# Python Kafka

There exists a neat Python package for communicating with a running Kafka cluster. You can even admin the cluster using it:

In [1]:
from kafka import KafkaAdminClient

admin_client = KafkaAdminClient()
admin_client.delete_topics(admin_client.list_topics())

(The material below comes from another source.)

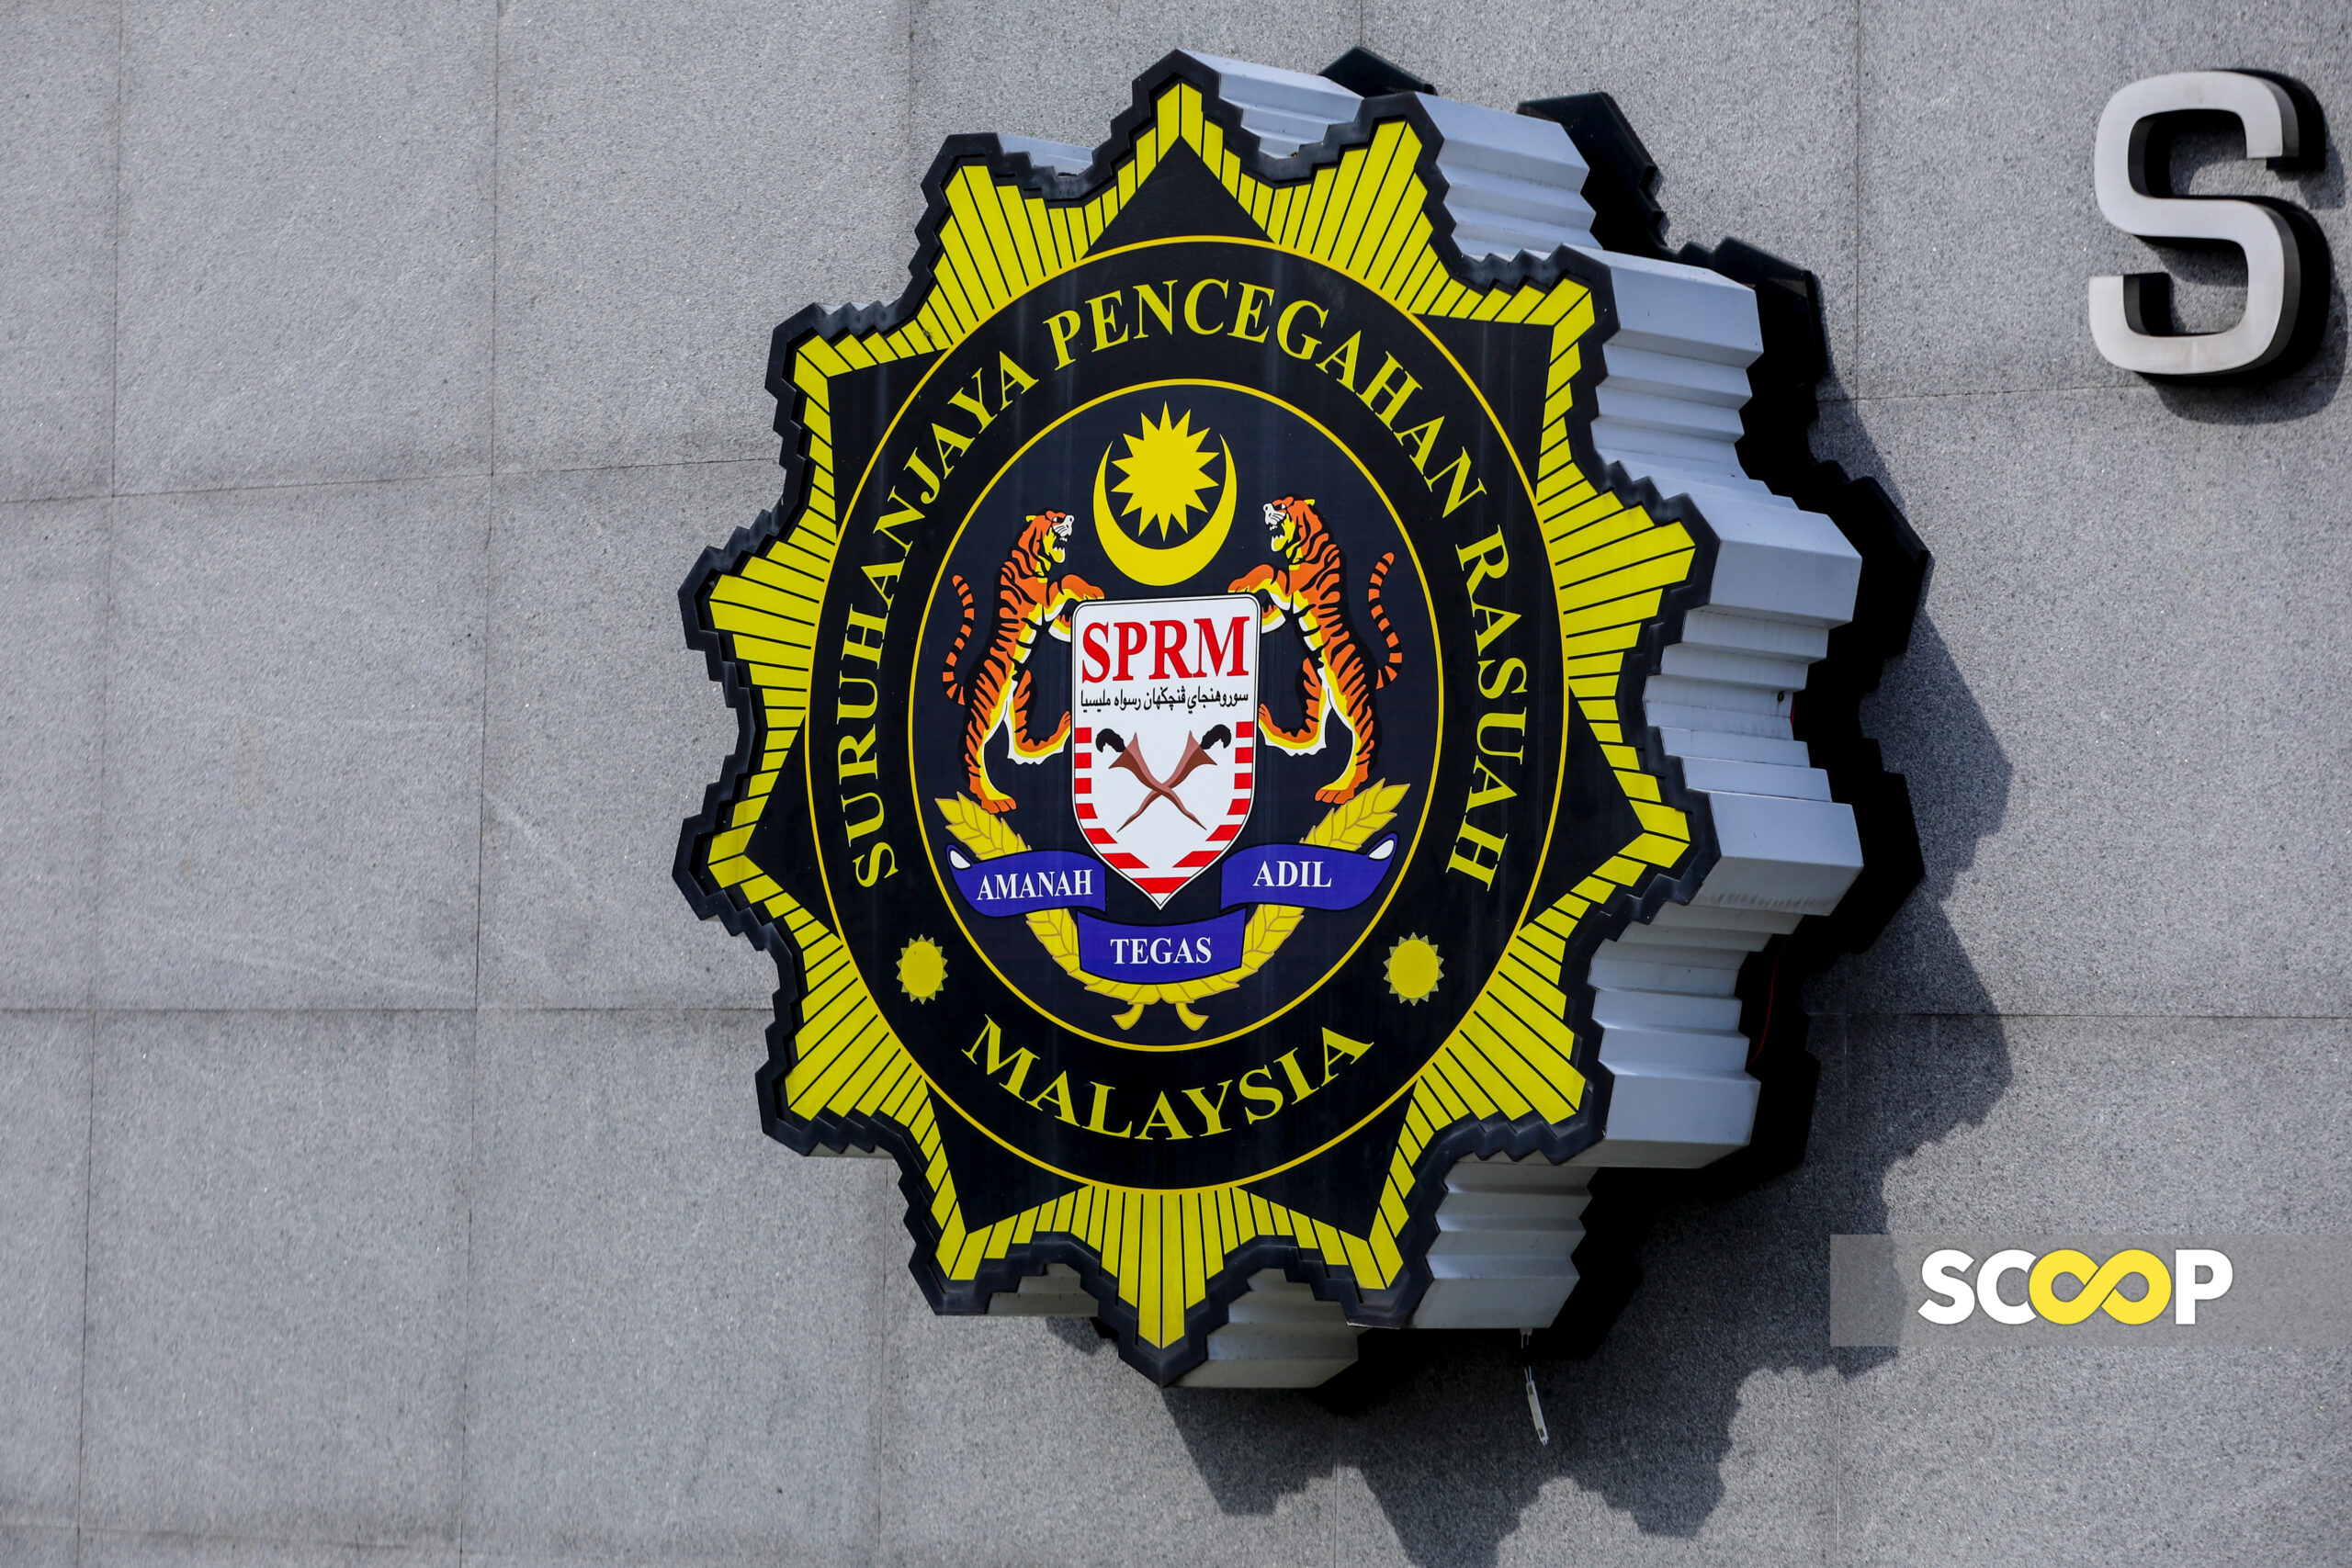 Father-son duo nabbed for RM10,000 bribery in PPR scheme

DeleteTopicsResponse_v3(throttle_time_ms=0, topic_error_codes=[(topic='main_topic', error_code=0)])

# Writing Data to Kafka

If you write some data to a non-existent topic, it's been created automatically:

In [2]:
from kafka import KafkaProducer

print(admin_client.list_topics())
MAIN_TOPIC = "main_topic"
producer = KafkaProducer()
for i in range(10):
    producer.send(MAIN_TOPIC, bytes(str(i), encoding="utf-8"))
print(admin_client.list_topics())

[]
['main_topic']


# Reading Data from Kafka

Reading is done with a consumer

In [3]:
from kafka import KafkaConsumer

consumer = KafkaConsumer()

# Topics, Partitions, and Offsets

Messages in Kafka are organised into topics:

In [19]:
consumer.topics()

{'main_topic'}

Topic can have several partitions with different starting and ending offsets:

In [5]:
from kafka import TopicPartition

partitions = [
    TopicPartition(MAIN_TOPIC, partition)
    for partition in consumer.partitions_for_topic(MAIN_TOPIC)
]
print(consumer.beginning_offsets(partitions))
print(consumer.end_offsets(partitions))

{TopicPartition(topic='main_topic', partition=0): 0}
{TopicPartition(topic='main_topic', partition=0): 10}


Before reading something from Kafka, one should assign the consumer to a topic and partition:

# Reading from a given offset of a partition

In [6]:
consumer.assign(partitions)

One can read from any offset of the partition:

In [11]:
print(consumer.position(partitions[0]))
consumer.seek(partitions[0], 0)
print(consumer.position(partitions[0]))

10
0


Reading data can be done by batches of any desired size:

In [12]:
for _ in range(10):
    data = consumer.poll(
        timeout_ms=10,
        max_records=1
    )[partitions[0]][0].value
    print(data)
print(consumer.position(partitions[0]))

b'0'
b'1'
b'2'
b'3'
b'4'
b'5'
b'6'
b'7'
b'8'
b'9'
10